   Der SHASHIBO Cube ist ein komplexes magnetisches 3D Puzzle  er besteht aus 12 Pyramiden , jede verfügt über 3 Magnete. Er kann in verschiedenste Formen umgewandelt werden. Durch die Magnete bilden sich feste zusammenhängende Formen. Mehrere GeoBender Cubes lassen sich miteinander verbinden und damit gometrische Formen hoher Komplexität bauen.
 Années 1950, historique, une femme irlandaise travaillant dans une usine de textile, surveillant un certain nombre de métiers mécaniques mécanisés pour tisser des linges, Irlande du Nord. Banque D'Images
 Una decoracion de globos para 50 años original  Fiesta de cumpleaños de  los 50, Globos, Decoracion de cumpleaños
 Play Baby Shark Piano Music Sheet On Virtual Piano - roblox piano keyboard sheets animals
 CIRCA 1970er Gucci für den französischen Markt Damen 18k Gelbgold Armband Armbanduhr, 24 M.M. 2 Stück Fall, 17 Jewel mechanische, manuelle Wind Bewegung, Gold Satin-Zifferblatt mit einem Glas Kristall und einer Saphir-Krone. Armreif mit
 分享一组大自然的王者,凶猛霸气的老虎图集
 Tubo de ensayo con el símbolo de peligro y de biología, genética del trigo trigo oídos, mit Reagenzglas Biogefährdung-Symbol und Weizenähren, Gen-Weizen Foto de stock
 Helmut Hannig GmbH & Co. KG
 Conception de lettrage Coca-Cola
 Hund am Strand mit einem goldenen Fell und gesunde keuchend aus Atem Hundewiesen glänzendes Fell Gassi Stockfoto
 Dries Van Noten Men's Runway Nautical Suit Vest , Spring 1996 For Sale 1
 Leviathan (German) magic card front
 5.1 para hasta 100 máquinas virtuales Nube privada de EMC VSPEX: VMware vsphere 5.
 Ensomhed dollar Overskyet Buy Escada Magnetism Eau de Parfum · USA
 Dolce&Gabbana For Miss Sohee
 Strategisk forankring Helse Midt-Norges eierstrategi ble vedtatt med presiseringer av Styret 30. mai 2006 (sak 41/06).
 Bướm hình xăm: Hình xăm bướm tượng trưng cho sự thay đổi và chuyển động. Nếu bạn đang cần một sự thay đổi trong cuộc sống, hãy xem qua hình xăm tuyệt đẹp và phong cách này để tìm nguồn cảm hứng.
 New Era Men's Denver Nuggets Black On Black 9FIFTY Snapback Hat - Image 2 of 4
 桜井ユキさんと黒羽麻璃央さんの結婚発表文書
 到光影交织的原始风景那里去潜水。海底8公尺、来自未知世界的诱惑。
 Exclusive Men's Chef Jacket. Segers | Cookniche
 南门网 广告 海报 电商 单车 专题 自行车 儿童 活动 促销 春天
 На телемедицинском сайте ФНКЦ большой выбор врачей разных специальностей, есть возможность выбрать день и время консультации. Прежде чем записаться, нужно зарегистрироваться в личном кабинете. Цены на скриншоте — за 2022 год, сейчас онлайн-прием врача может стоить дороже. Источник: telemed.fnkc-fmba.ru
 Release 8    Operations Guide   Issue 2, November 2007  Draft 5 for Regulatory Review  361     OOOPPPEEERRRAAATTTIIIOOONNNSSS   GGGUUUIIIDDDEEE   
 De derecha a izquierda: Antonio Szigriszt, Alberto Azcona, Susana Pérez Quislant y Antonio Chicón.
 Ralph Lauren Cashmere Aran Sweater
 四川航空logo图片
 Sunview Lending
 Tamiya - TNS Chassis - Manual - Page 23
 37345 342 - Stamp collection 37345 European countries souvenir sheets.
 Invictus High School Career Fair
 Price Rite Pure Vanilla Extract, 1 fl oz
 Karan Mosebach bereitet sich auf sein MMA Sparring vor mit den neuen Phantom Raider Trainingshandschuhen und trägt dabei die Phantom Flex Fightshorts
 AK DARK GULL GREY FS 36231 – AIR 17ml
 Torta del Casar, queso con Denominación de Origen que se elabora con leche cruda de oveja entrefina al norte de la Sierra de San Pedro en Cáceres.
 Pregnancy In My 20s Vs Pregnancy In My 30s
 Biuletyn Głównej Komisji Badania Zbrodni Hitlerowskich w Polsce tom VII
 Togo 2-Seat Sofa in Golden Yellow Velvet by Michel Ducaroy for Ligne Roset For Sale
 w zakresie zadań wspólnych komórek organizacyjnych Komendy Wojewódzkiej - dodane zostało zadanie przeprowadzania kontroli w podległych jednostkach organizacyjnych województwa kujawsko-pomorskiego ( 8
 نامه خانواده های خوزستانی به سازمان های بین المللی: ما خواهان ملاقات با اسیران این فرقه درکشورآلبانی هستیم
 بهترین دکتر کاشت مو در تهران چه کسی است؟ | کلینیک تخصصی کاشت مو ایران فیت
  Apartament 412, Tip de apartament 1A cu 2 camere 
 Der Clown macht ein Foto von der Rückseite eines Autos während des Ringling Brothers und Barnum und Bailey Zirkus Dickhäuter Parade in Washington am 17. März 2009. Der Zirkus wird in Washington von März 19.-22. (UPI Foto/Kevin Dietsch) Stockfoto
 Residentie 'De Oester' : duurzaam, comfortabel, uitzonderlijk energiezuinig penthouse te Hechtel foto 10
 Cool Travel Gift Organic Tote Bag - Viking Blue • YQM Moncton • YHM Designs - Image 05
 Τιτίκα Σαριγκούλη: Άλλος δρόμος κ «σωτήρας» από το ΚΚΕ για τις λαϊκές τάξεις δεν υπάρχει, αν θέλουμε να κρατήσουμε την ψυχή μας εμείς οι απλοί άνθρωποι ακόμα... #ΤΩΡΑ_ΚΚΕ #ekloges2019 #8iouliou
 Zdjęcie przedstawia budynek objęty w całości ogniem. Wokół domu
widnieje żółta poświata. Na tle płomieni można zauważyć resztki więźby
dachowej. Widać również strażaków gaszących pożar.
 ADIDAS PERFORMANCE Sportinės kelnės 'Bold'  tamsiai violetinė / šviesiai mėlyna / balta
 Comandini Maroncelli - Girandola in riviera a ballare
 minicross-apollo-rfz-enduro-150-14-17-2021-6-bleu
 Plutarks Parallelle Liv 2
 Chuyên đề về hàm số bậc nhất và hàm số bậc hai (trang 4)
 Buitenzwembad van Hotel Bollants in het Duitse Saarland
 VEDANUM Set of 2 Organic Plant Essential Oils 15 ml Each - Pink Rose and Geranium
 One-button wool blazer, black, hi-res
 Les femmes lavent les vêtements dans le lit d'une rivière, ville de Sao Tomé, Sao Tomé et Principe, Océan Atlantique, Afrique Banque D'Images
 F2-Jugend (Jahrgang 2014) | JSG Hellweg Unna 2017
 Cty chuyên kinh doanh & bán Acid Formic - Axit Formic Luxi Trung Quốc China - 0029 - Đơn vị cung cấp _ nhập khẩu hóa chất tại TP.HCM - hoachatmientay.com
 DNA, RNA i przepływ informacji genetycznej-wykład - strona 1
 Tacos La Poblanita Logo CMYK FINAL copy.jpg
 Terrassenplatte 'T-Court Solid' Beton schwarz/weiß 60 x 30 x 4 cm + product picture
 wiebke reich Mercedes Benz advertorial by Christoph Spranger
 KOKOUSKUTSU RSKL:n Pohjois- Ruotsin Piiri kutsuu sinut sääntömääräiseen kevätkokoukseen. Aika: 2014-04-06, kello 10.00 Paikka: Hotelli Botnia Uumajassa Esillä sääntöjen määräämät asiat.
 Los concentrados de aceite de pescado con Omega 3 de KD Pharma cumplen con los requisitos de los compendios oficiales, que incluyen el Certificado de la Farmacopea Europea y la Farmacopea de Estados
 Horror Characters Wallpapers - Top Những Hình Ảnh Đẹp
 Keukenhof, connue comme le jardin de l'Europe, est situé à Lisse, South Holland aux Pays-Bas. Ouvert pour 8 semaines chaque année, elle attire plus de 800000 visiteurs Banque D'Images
————
▶ What you are asked to do: Take the line above containing "Residentie 'De Oester'", the line containing "Plutarks Parallelle Liv 2", and all lines in between, and copy them exactly without anything else.

▶ Your response:
 Residentie 'De Oester' : duurzaam, comfortabel, uitzonderlijk energiezuinig penthouse te Hechtel foto 10
 Cool Travel Gift Organic Tote Bag - Viking Blue • YQM Moncton • YHM Designs - Image 05
 Τιτίκα Σαριγκούλη: Άλλος δρόμος κ «σωτήρας» από το ΚΚΕ για τις λαϊκές τάξεις δεν υπάρχει, αν θέλουμε να κρατήσουμε την ψυχή μας εμείς οι απλοί άνθρωποι ακόμα... #ΤΩΡΑ_ΚΚΕ #ekloges2019 #8iouliou
 Zdjęcie przedstawia budynek objęty w całości ogniem. Wokół domu
widnieje żółta poświata. Na tle płomieni można zauważyć resztki więźby
dachowej. Widać również strażaków gaszących pożar.
 ADIDAS PERFORMANCE Sportinės kelnės 'Bold'  tamsiai violetinė / šviesiai mėlyna / balta
 Comandini Maroncelli - Girandola in riviera a ballare
 minicross-apollo-rfz-enduro-150-14-17-2021-6-bleu
 Plutarks Parallelle Liv 2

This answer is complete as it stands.